* _Data excerpt_:

______________________________

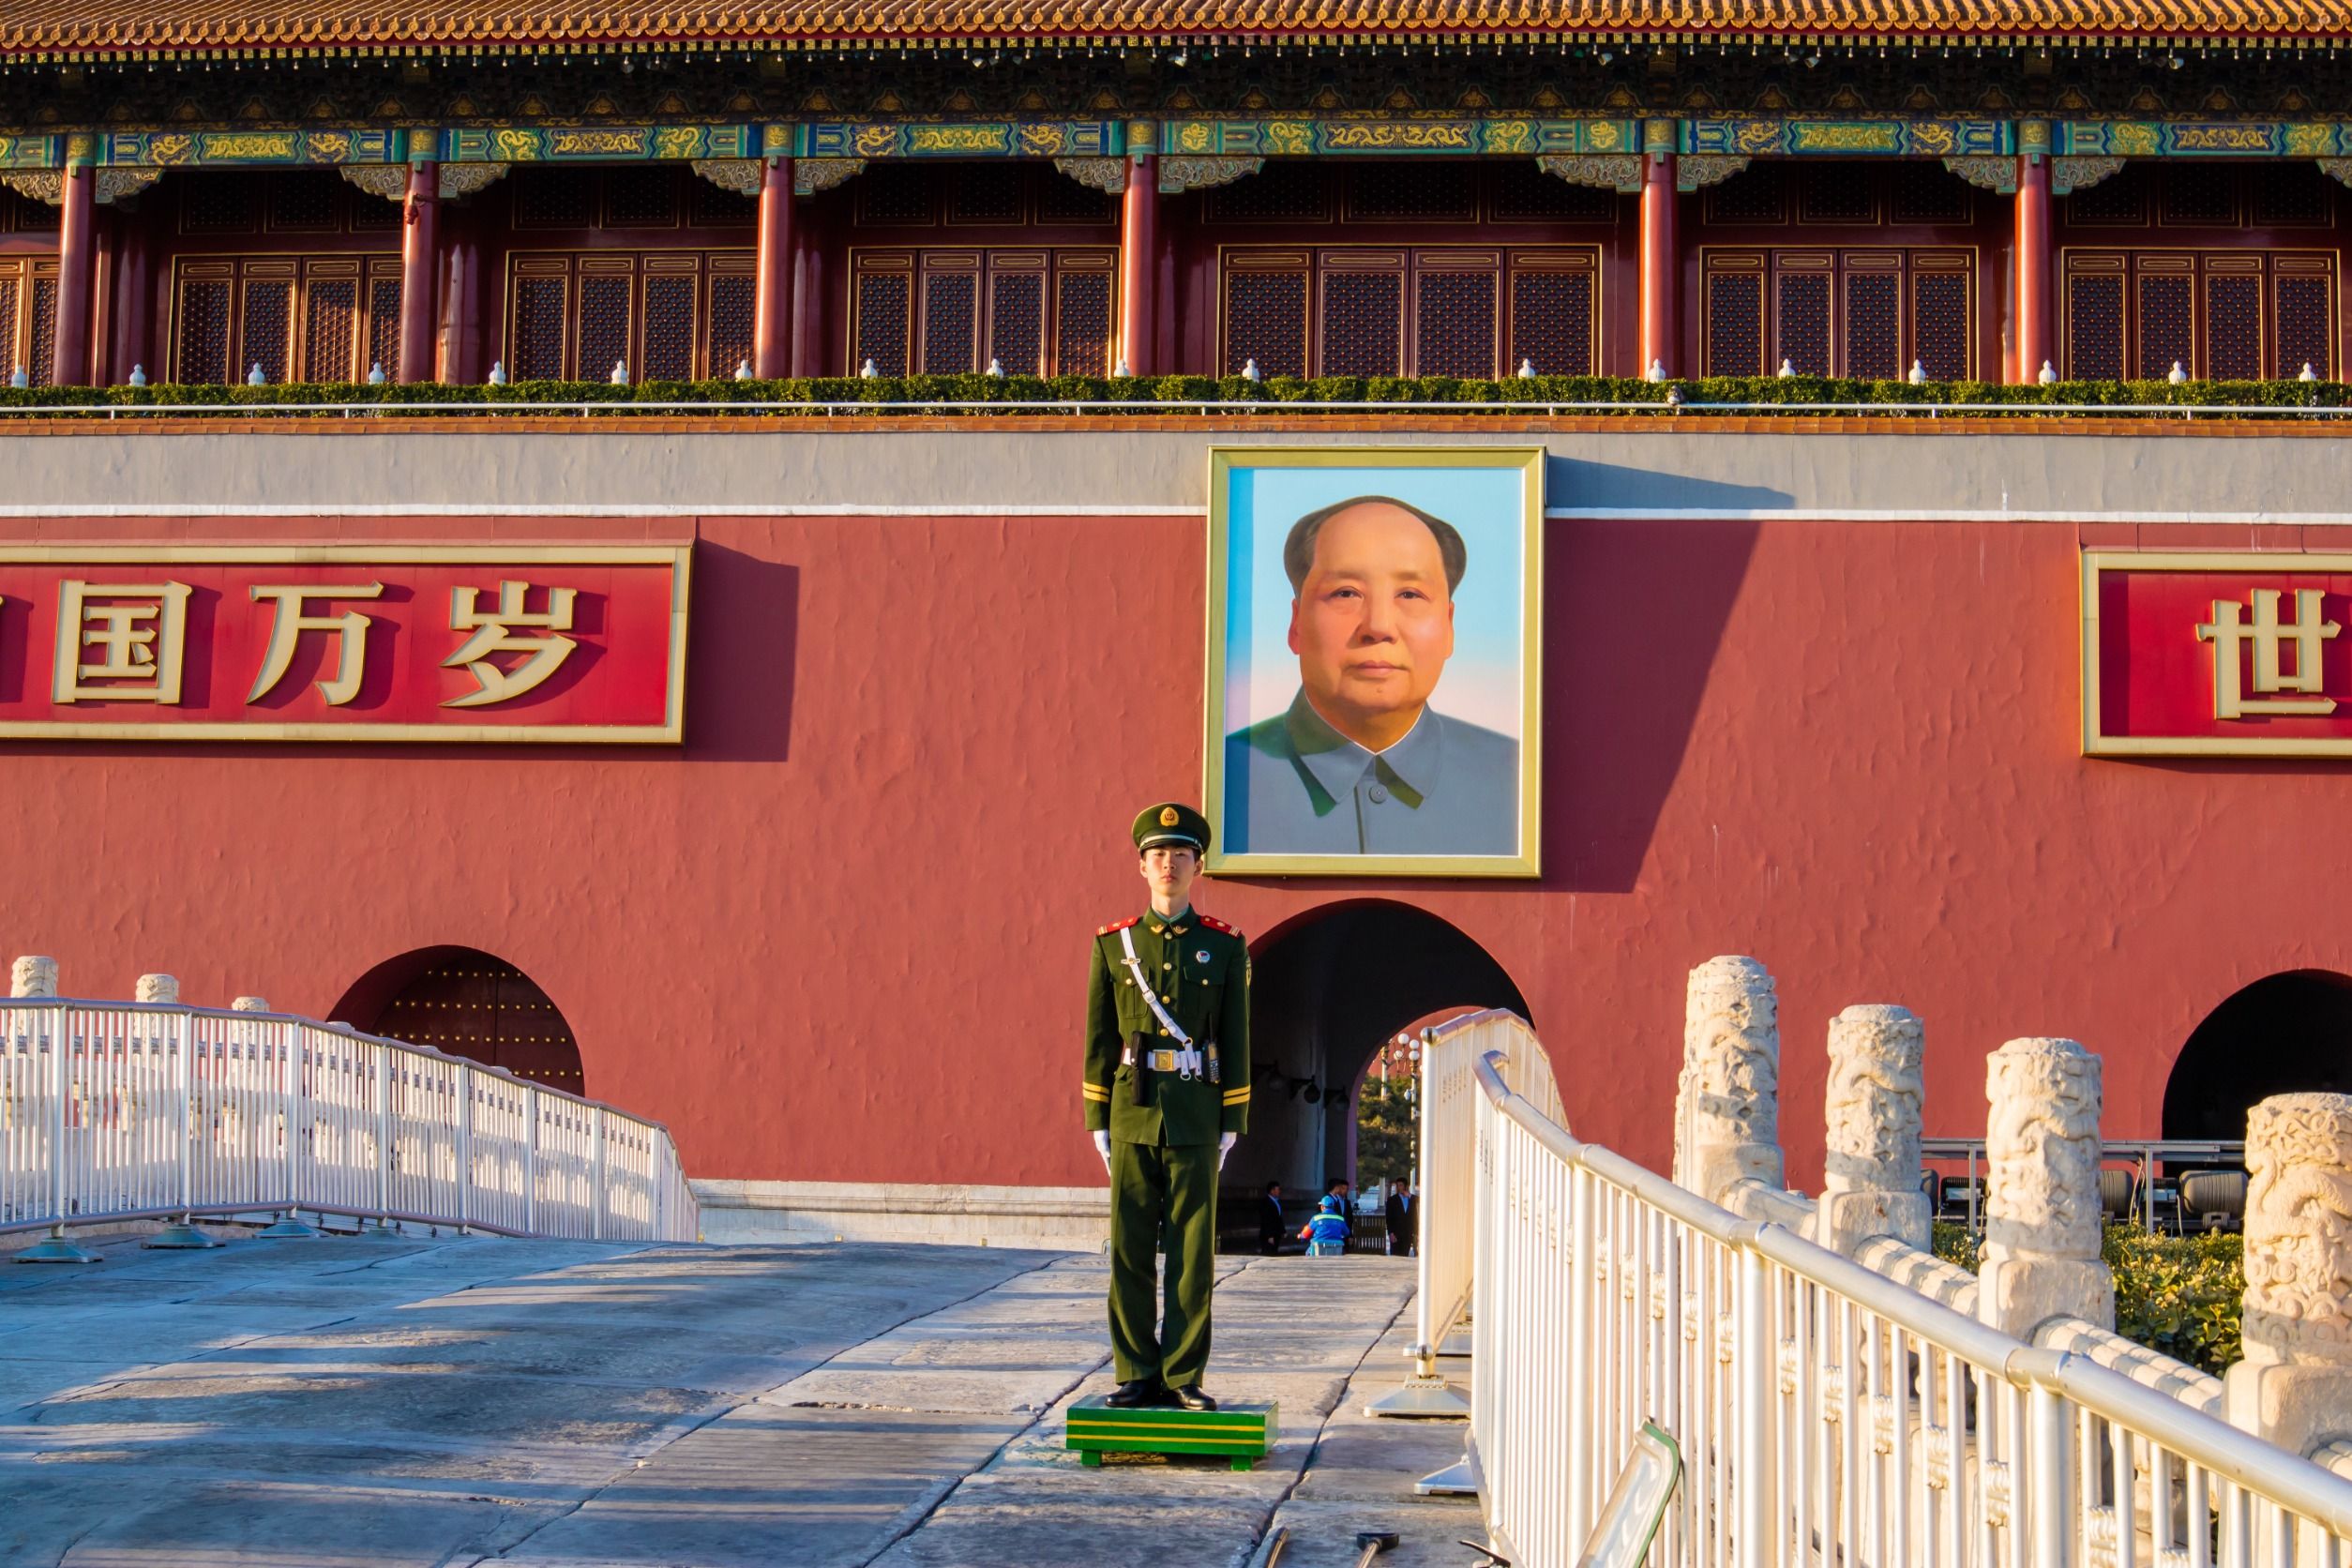 Puerta principal de la ciudad prohibida, Beijing (China), con la imagen de Mao Zedong.
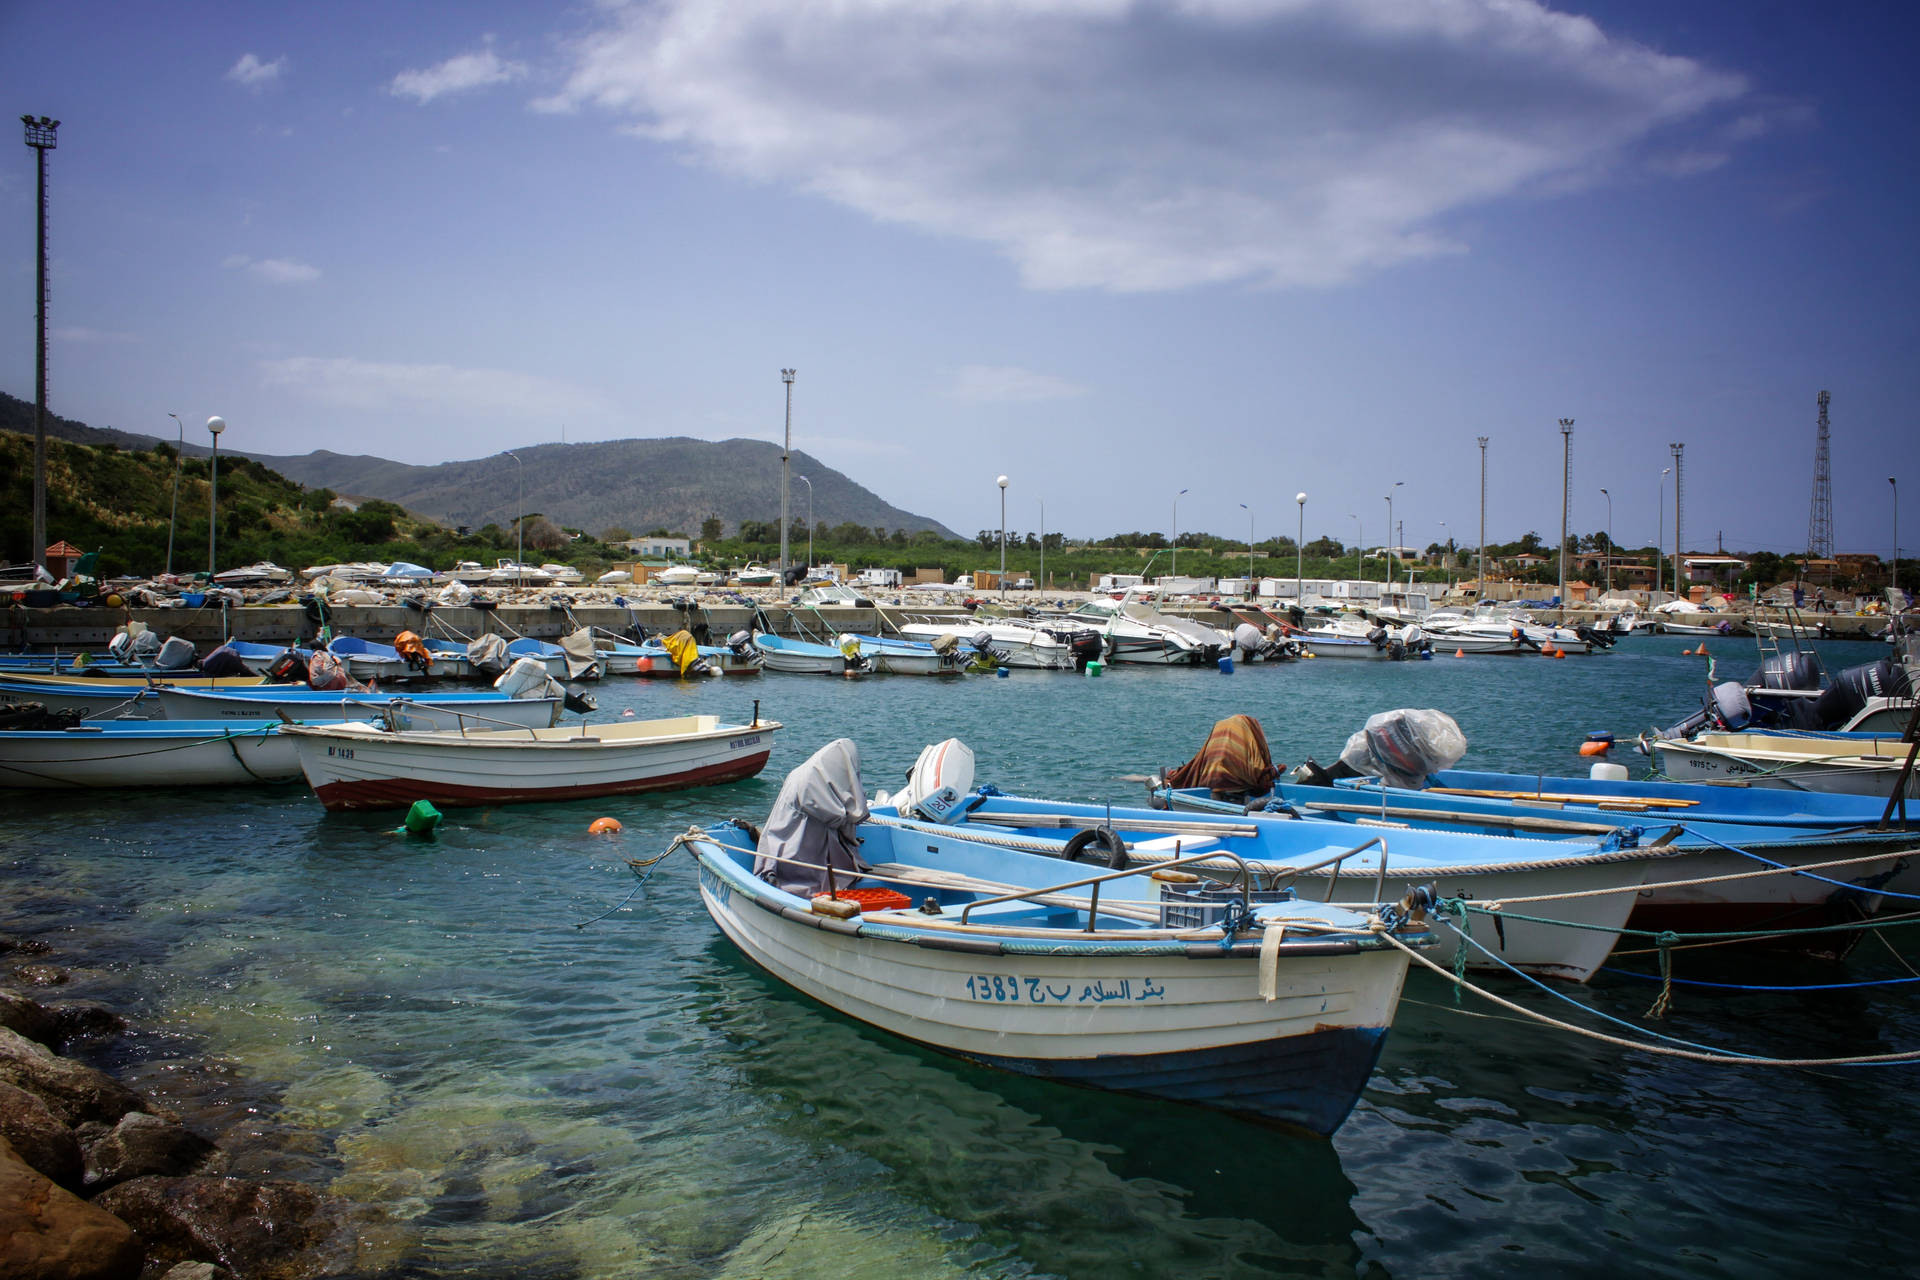 Algeria Dock With Boats
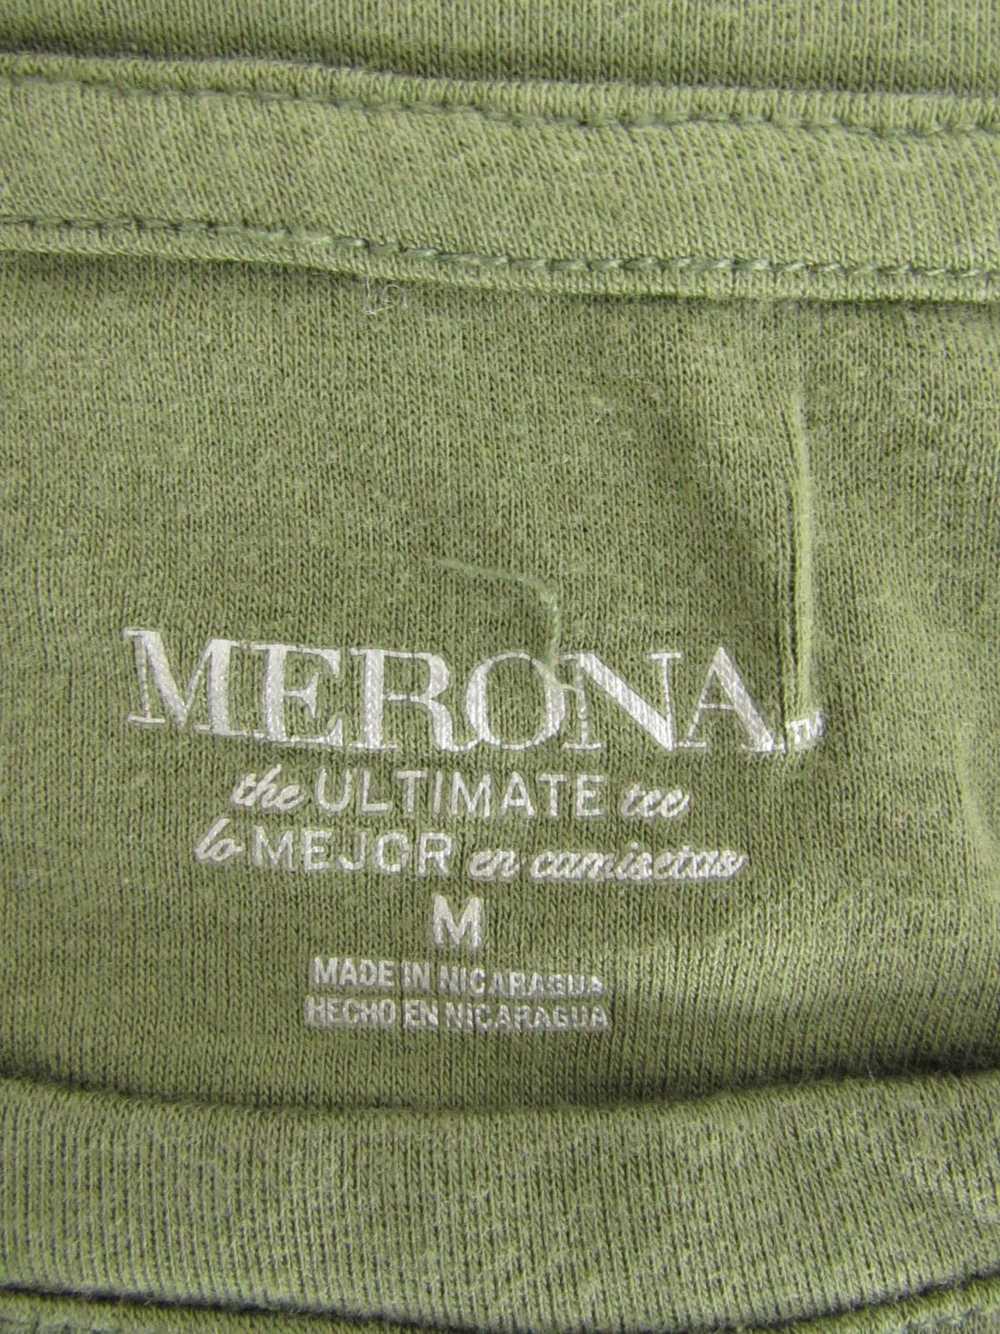 Merona T-Shirt Top - image 3

______________________________

Return the listing unchanged, but drop every picture.

 Puerta principal de la ciudad prohibida, Beijing (China), con la imagen de Mao Zedong.
 Algeria Dock With Boats
 Merona T-Shirt Top - image 3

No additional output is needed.